[Items listed in a dataset]
________________________________________

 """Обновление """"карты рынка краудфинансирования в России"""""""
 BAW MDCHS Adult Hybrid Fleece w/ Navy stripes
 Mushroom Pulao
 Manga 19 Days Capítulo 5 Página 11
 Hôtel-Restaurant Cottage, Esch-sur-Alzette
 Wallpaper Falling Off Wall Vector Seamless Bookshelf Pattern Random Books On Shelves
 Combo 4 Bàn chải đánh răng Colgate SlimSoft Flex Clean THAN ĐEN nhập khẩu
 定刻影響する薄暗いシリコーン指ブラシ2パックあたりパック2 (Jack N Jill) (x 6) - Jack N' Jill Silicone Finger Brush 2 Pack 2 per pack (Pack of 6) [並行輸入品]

________________________________________

## Exercise goal
All of the lines above are to be restated word for word.

## Answer below
 """Обновление """"карты рынка краудфинансирования в России"""""""
 BAW MDCHS Adult Hybrid Fleece w/ Navy stripes
 Mushroom Pulao
 Manga 19 Days Capítulo 5 Página 11
 Hôtel-Restaurant Cottage, Esch-sur-Alzette
 Wallpaper Falling Off Wall Vector Seamless Bookshelf Pattern Random Books On Shelves
 Combo 4 Bàn chải đánh răng Colgate SlimSoft Flex Clean THAN ĐEN nhập khẩu
 定刻影響する薄暗いシリコーン指ブラシ2パックあたりパック2 (Jack N Jill) (x 6) - Jack N' Jill Silicone Finger Brush 2 Pack 2 per pack (Pack of 6) [並行輸入品]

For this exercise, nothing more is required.